Following a brief recess, he was re-elected deputy for the same constituency for the 1933–1937 term, serving on the standing Committees on Labor and Social Legislation and on Industries.

In the 1937 parliamentary elections he was elected senator for the 7th Provincial Grouping, comprising the provinces of Ñuble, Concepción and Arauco, for the 1937–1945 term. He served on the standing Committees on Foreign Relations and Trade and on Public Works and Communications, chairing the latter.

He was re-elected senator for the same constituency for the 1945–1953 term, continuing his work on the Public Works and Communications Committee. During this period he also served as a councilor of the Central Board of Public Welfare between 1946 and 1947.

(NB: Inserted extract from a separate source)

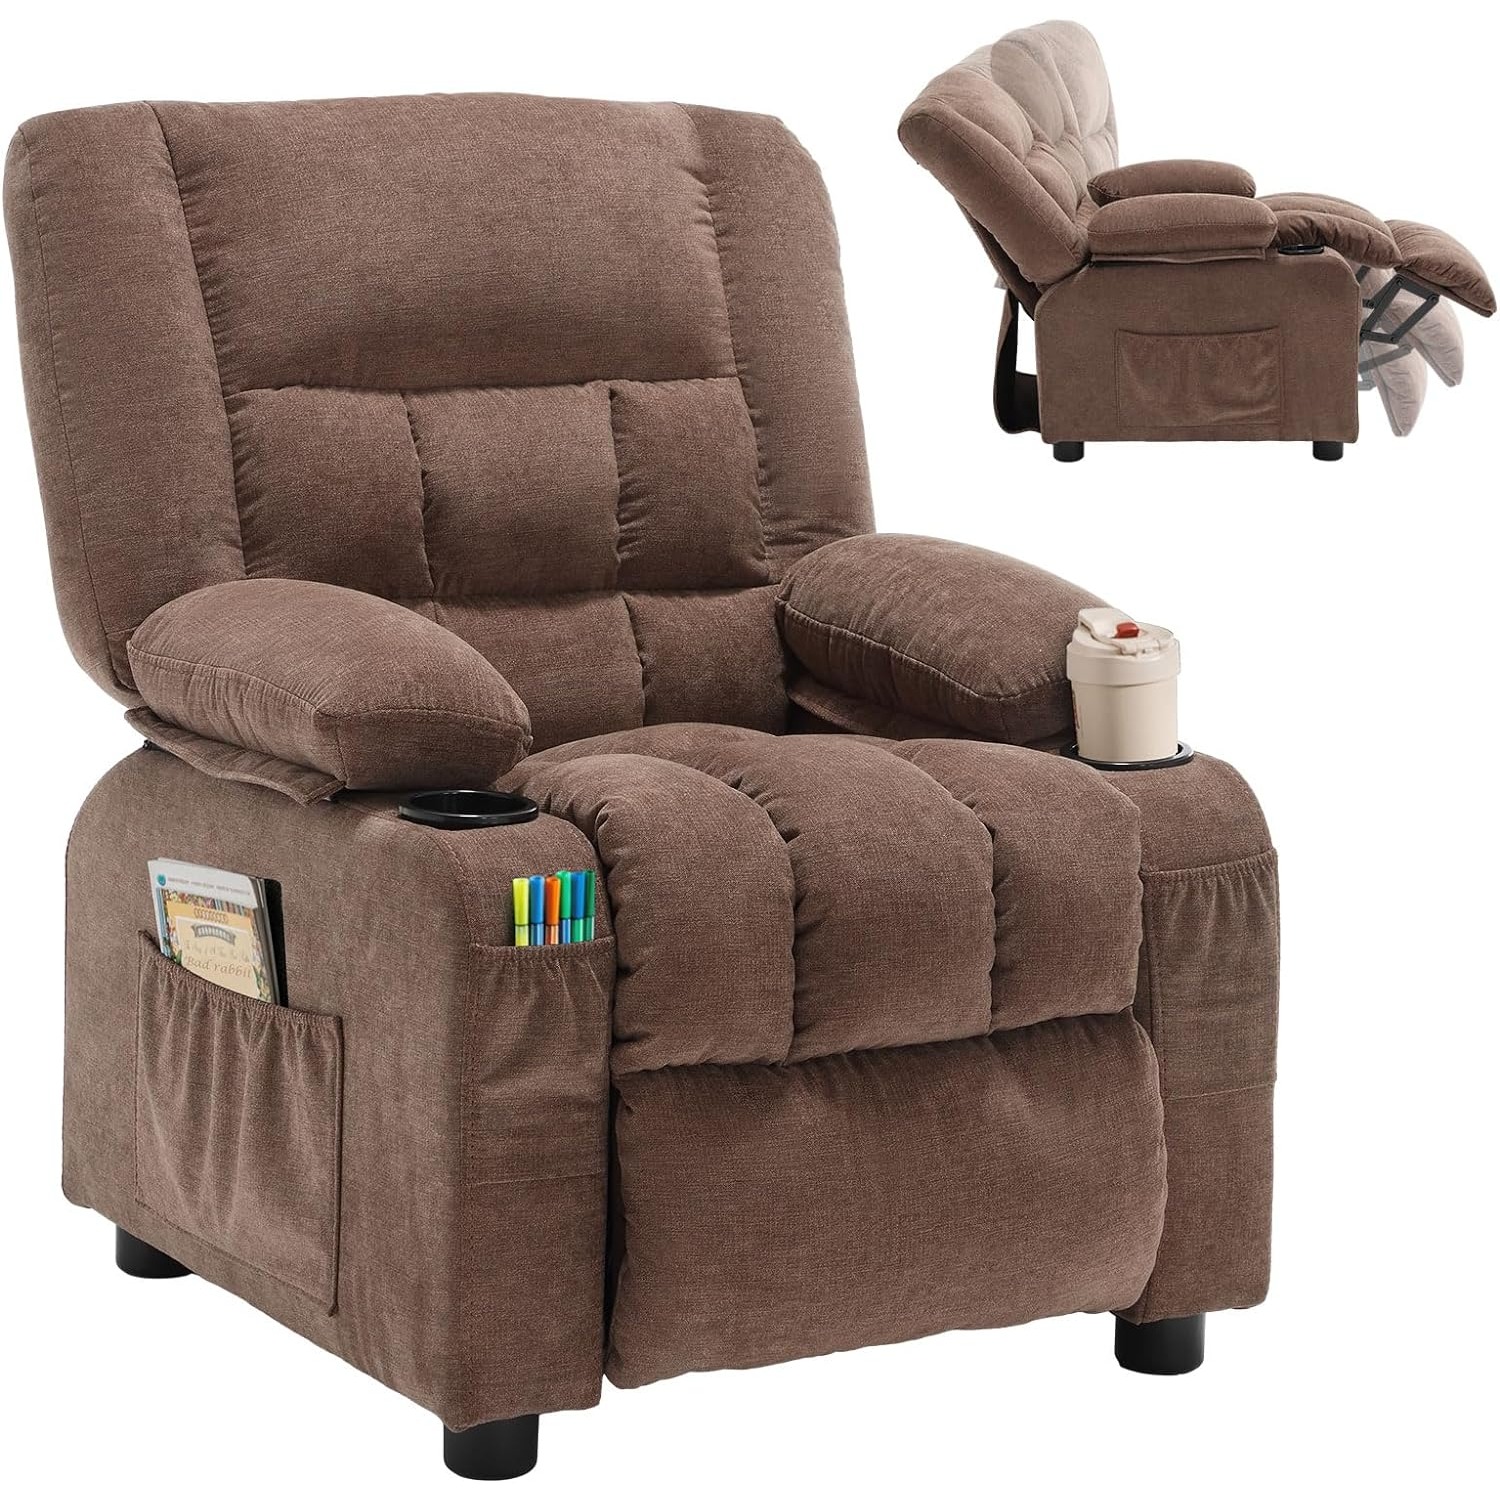 

Kids Recliner Chair, Push Back Toddler Recliner With Cup Holders & Side Pockets, Adjustable Footrest & Headrest Kids Sofa For Boys Girls 3+ Age Group (light Brown)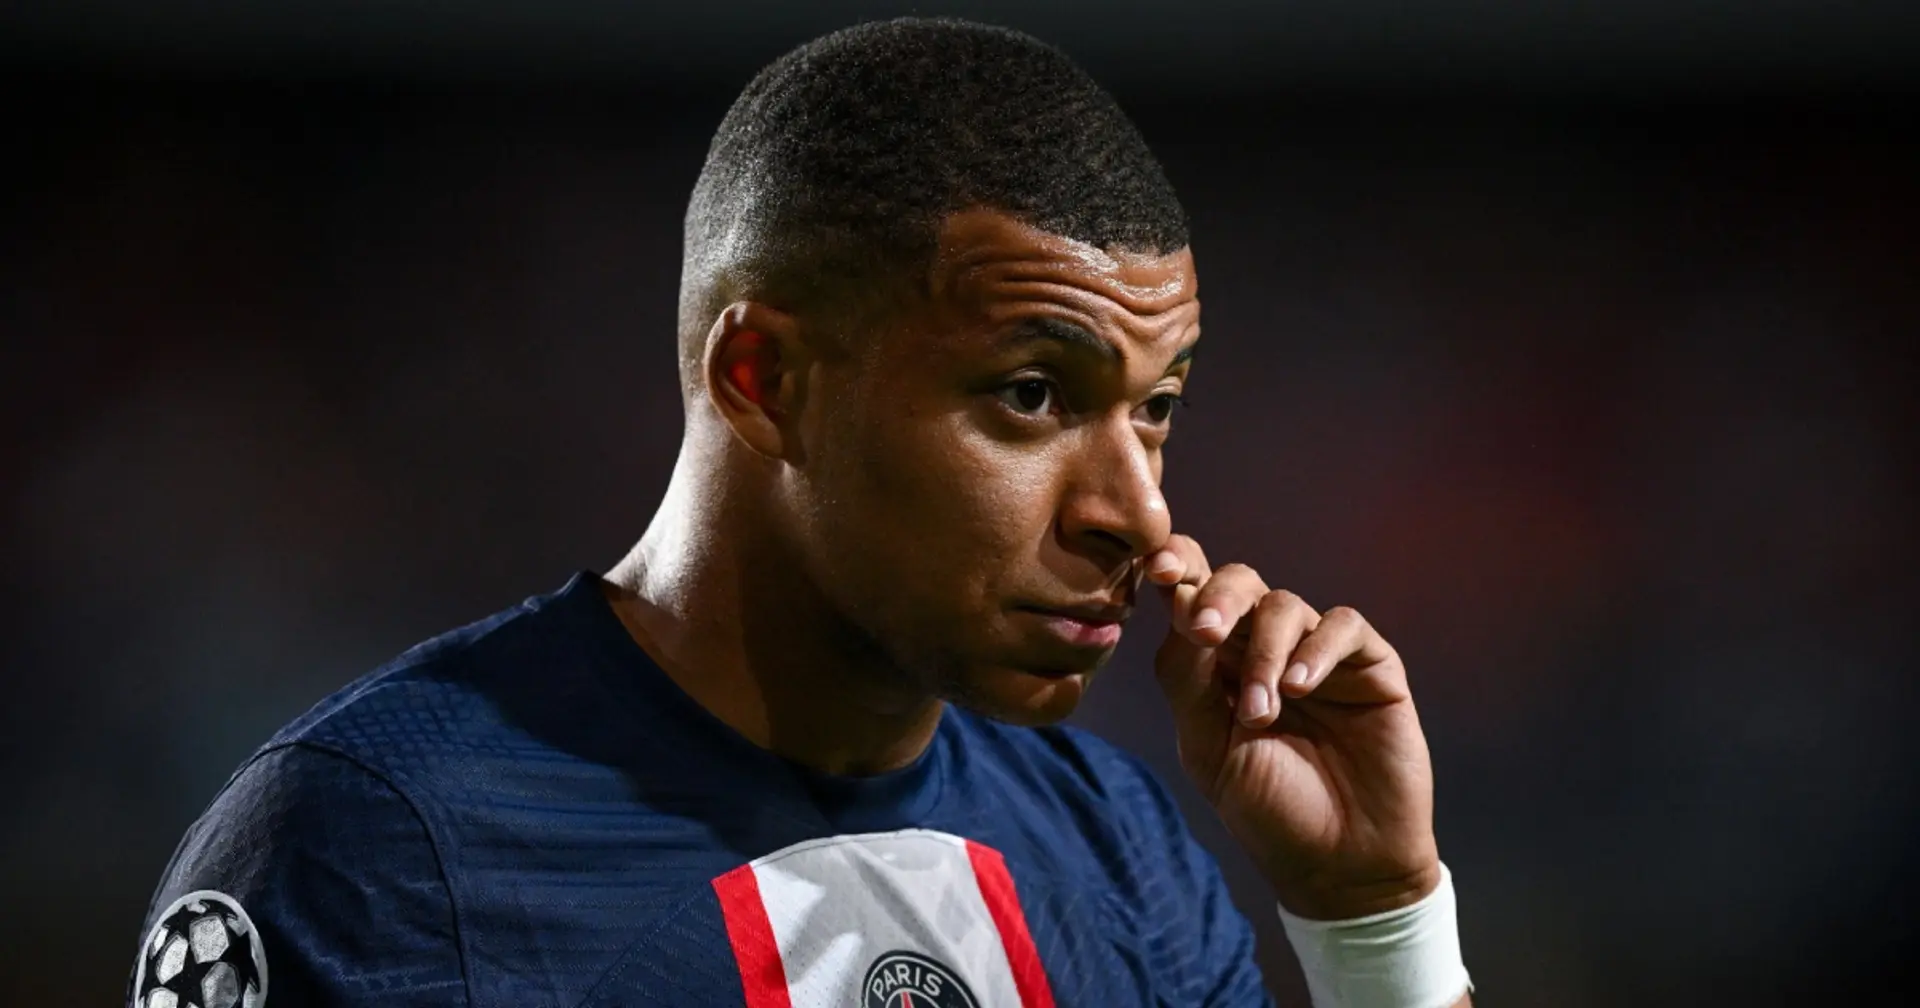 Mbappe 'unlikely to consider' joining Man United & 3 more under-radar stories

During his parliamentary career he sponsored bills that were later enacted into law, including Law No. 5,722 on public loans for the municipalities of Mulchén and Collipulli, and Law No. 8,442 providing funding for the University of Concepción.

== Other activities ==
He was a member of the Southern Agricultural Consortium and served as a member and director of the National Society of Agriculture (SNA). He also belonged to several social clubs, including the Concepción Jockey Club, Club Concepción, the Radical Club of Concepción, the Club de La Unión, the Radical Club of Santiago, and social clubs in Los Ángeles and Angol.

He died in Santiago on 20 February 1950, while still in office as senator, and was succeeded by former Radical deputy Fernando Maira.